Таким образом вы пытаетесь заставить меня поверить в то, что я вернулся к моему заливу. Неизведанная южная земля, Австралия, принимает эмигрантов, но изгоняет сумасшедших, отправляет их по домам, – мне так сказали, но я особо не верю. Для мёртвых место всегда найдётся. Гигантский остров мертвецов. Я здесь, внизу, в южном полушарии, остался с вами, меня здесь похоронили под спущенными красными флагами, под ещё более толстым покровом, нежели тот на моей могиле в парке Сент-Дэвид. Флаги колышатся на ветру, развеваются волнами и путаются между собой, превращаясь в единый стяг, опускающийся занавес, погружающий во тьму мир; горе тому, кто ожидает под ним и получает в итоге по башке. Железный занавес гильотиной со свистом соскальзывает вниз и разрезает на две части сердце. Моё сердце.

91

Privet, пу 4to?. Какая глупость. Теперь вы понимаете, почему я всей технике предпочитаю магнитофон. Хотя это окошко очень милое, мне нравится: поздравления с Новым годом. А вот и отзыв о работах по дереву. Я надеюсь, видно, что это полена Любо из Далмации? Он проплавал с ней всю свою жизнь, – так написано, – а когда состарился, его отправили работать сторожем на маяке. Любо испытывал определённую ностальгию по своему кораблю, но не грустил, ибо видел, как тот прибывает в порт и вновь уходит в море, проплывая под маяком; заплакал Любо только однажды: корабль продали другому судовладельцу, а значит, он больше не встретит свою любимую полену. Во время своего последнего путешествия по старому маршруту корабль затонул, а его обломки были принесены волнами к этому островку. Любо поднял полену к себе домой, в комнату на вершине маяка, – так они жили до тех пор, пока не было принято решение маяк погасить, а Любо перевести в дом престарелых. А здесь у вас, случайно, не богадельня? Я никогда особо об этом не думал, но факт в том, что когда Любо и его полену опять разлучили, она взяла его за руку и потянула за собой в зачарованное царство морского дна, сюда на юг. Я утопил Марию в черных водах смерти, собственноручно привязав к её ступням камень, она же привела меня в счастливую страну, где мы, наконец, можем быть вместе. Вы только посмотрите, какая красота, она сама будто бы довольна. Это была великолепная идея – дать мне такую работу: труд украшает человека, делает его, как в той присказке, свободным, Arbeit macht frei.

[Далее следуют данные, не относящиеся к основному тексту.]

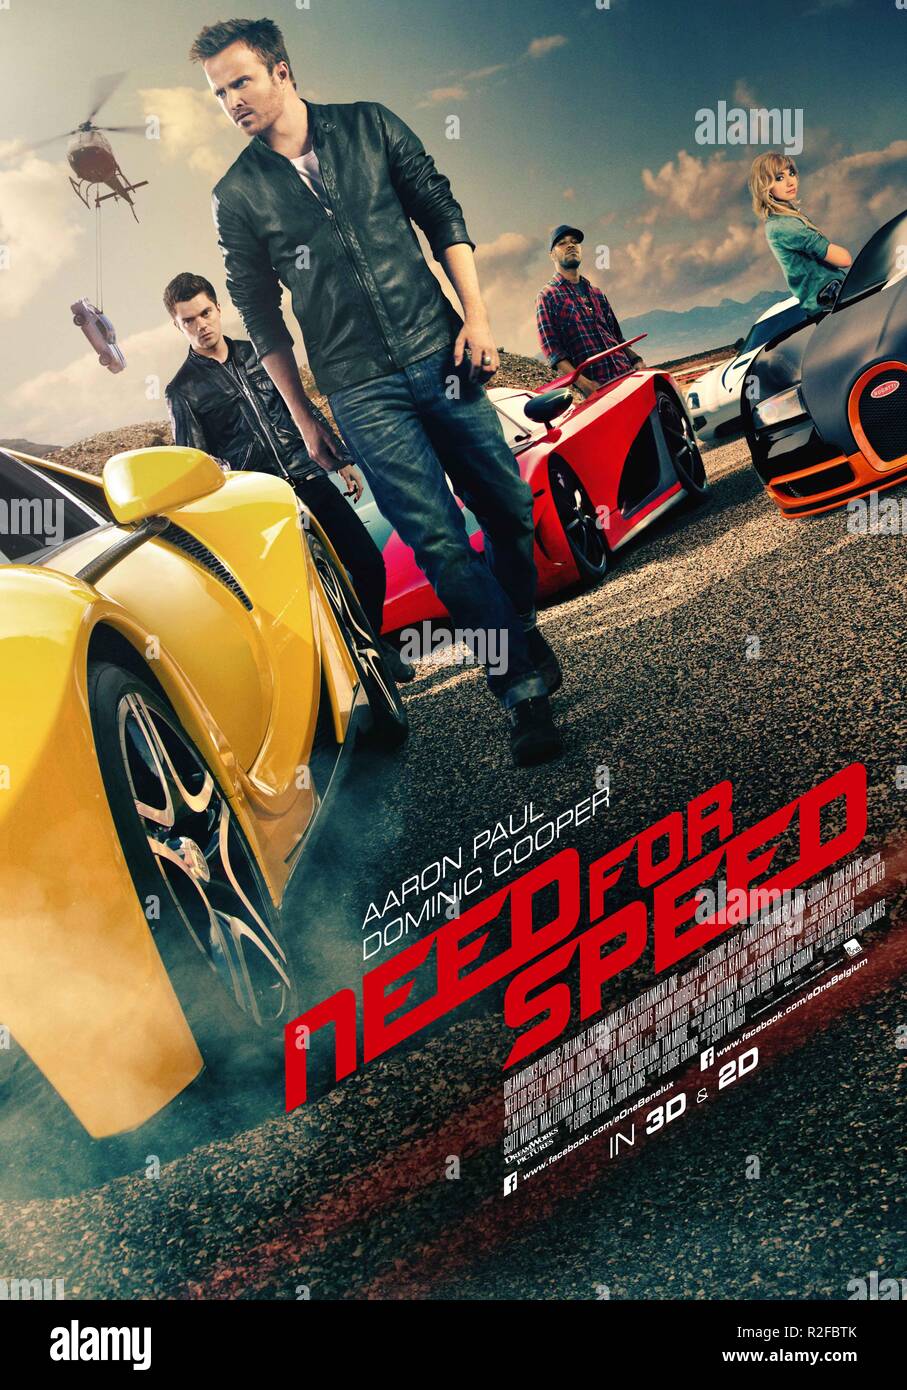 Need for speed film hi-res stock photography and images - Alamy

Это верно, что полен больше не производят? Так заявлено в книжке. Получается, что я последний, кто занимается этим ремеслом? Ведь существует же последний в любом деле. Здесь вот написано, что в 1907 году, когда руководством американского военно-морского флота было принято решение снять с носов кораблей все полены, один боцман сложил стихотворение о плавании полен во времени и об их исчезновении навсегда, оплакивая далекие эпохи, когда они гордо держали курс от Огненной земли до моря Баффина. Все знают, что поэты любят трагические концовки и похоронные причитания, – так Муза прощается с павшими героями прошлого.

Нужно найти самого последнего творца полен, более славного, чем первый. Конец всегда торжественнее начала и заставляет биться сердце намного чаще, словно в лихорадке. Пролистнём несколько страниц… Вот ещё один последний: Уильям Рамни, брал за модель свою дочь, умер в 1927 году, когда его искусство «было практически забыто». Опять одна страница вперёд и по взмаху волшебной палочки появляется ещё более последний, Брюс Роджерс, год смерти 1935. А на странице 63 выскакивает некий Джек Уайтхед, остров Уайт, год смерти 1972.

Не обижайтесь на меня: эти вещи не я состряпал, обо всём написано в этой книге с красочными картинками и замысловатыми фамилиями. Мне смешно наблюдать за соревнованием под названием «Кто лучший в трюме». Последних нет. Ничто не исчезает и никто не будет окутан славной прохладой вникуда закатывающегося Солнца.

Нет никакого последнего. Театр заставляет подняться покойников из своих могил. Я вновь за пасхальным столом, передо мной сладости из знаменитой «Бабушкиной кондитерской». Всемирное клонирование – больше не будет мёртвых, только одни и те же лица, никаких рассказов об ушедшей любви, один и тот же трагический роман, о Смерть, забери меня, где ж твой карающий кинжал?! Порой было бы очень кстати исчезнуть и больше не появляться, вот так быть, а затем вдруг прекратить существование…

Роскошь прежних времён. Сегодня вечная жизнь обязательна. Нет ничего странного в том, что в 1972 году молодой Бернд Альм, посетив примерно тогда же выставку Уайтхеда и Гатчеса, тоже решил посвятить себя реставрации и созданию тех роковых фигур, или, намного лучше, копированию утерянных подлинников. Его примеру последовали и остальные. Так ностальгия по поленам дала хлеб фальсификаторам: многие принялись лепить полены по гравюрам и выдавать их за оригинальные произведения искусства или – нередко – за копии, выполненные самим автором, что приятно бередит чувство китча у всего просвещённого человечества. В принципе, судьба справедлива: восставшая из моря фигура погрязла в царстве лжи и коварства.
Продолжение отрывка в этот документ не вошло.